Disclaimer: I know very little numpy
But if you don't have access to a lookup table (LUT) that actually defines
your non-linear color mappings, then numpy/scipy has functions for
interpolating values along a curve. Someone else can probably make this a
lot better, but here is something that is linearly interpolating from your
samples:
In [151]: import numpy as np
In [152]: rgb_samples = np.array([(0.0, 0.0, 0.0),
(0.044156629592180252, 0.044154495000839233,
0.044151946902275085),
(0.18418028950691223, 0.18418741226196289,
0.18419596552848816),
(0.48274806141853333, 0.48278585076332092,
0.48283094167709351),
(0.99991166591644287, 1.0000128746032715, 1.0001327991485596)])

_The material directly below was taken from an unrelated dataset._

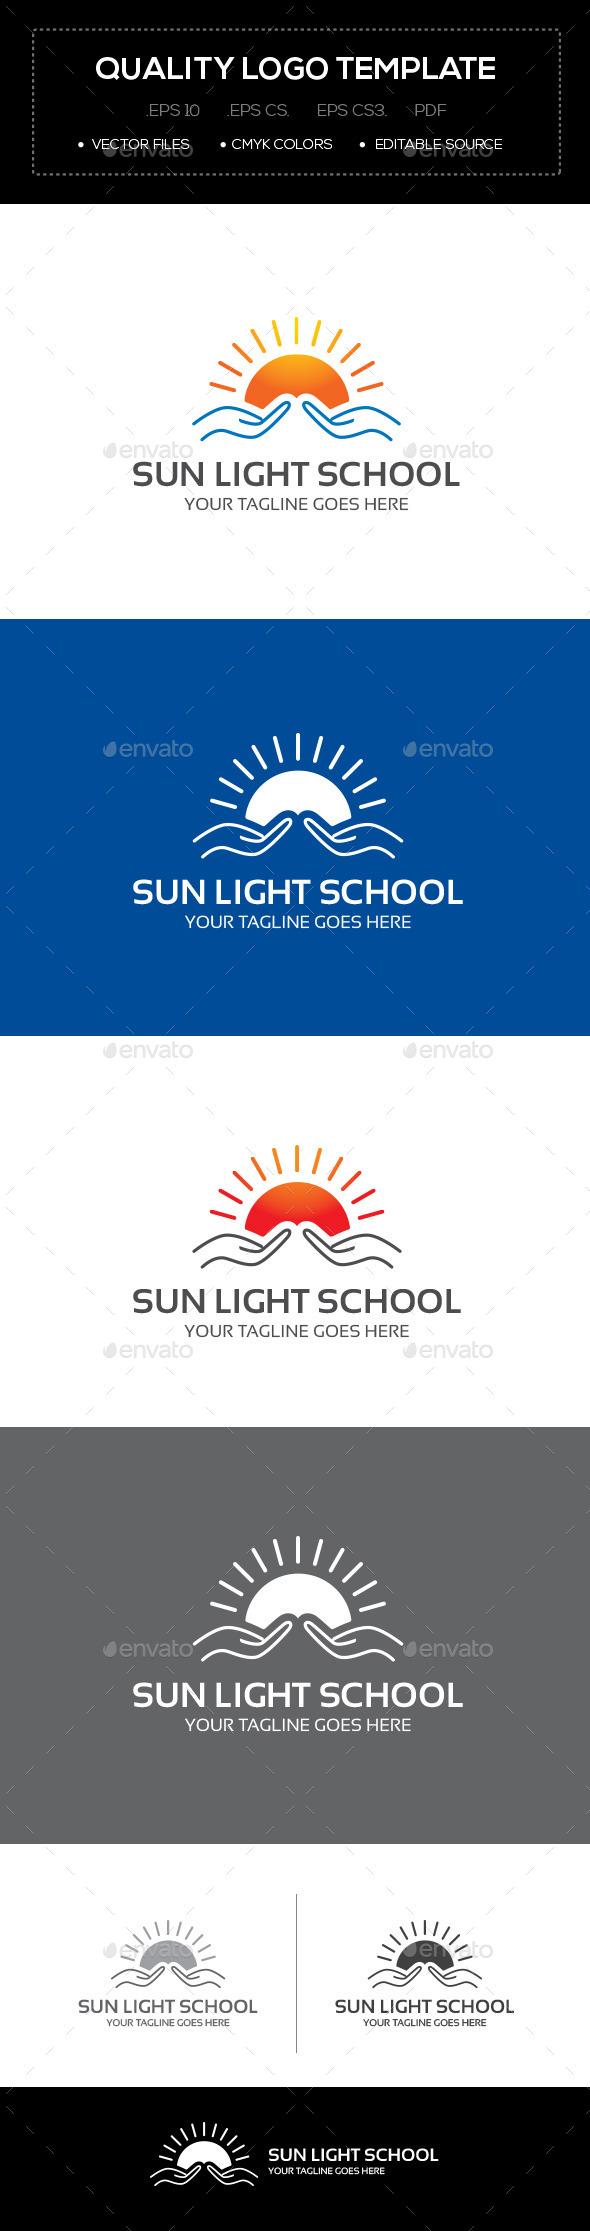 Sun Light School Logo Template - Logo Templates

In [153]: y_sample = np.array([0, 255*.25, 255*.5, 255*.75, 255])
In [154]: np.interp(.33, rgb_samples[:,0], y_sample)
Out[154]: 158.63533146734287
In [155]: np.interp(.33, rgb_samples[:,1], y_sample)
Out[155]: 158.63061312361012
In [156]: np.interp(.33, rgb_samples[:,2], y_sample)
Out[156]: 158.62497845173215
In [157]: float_reds = np.linspace(0., 1., 10)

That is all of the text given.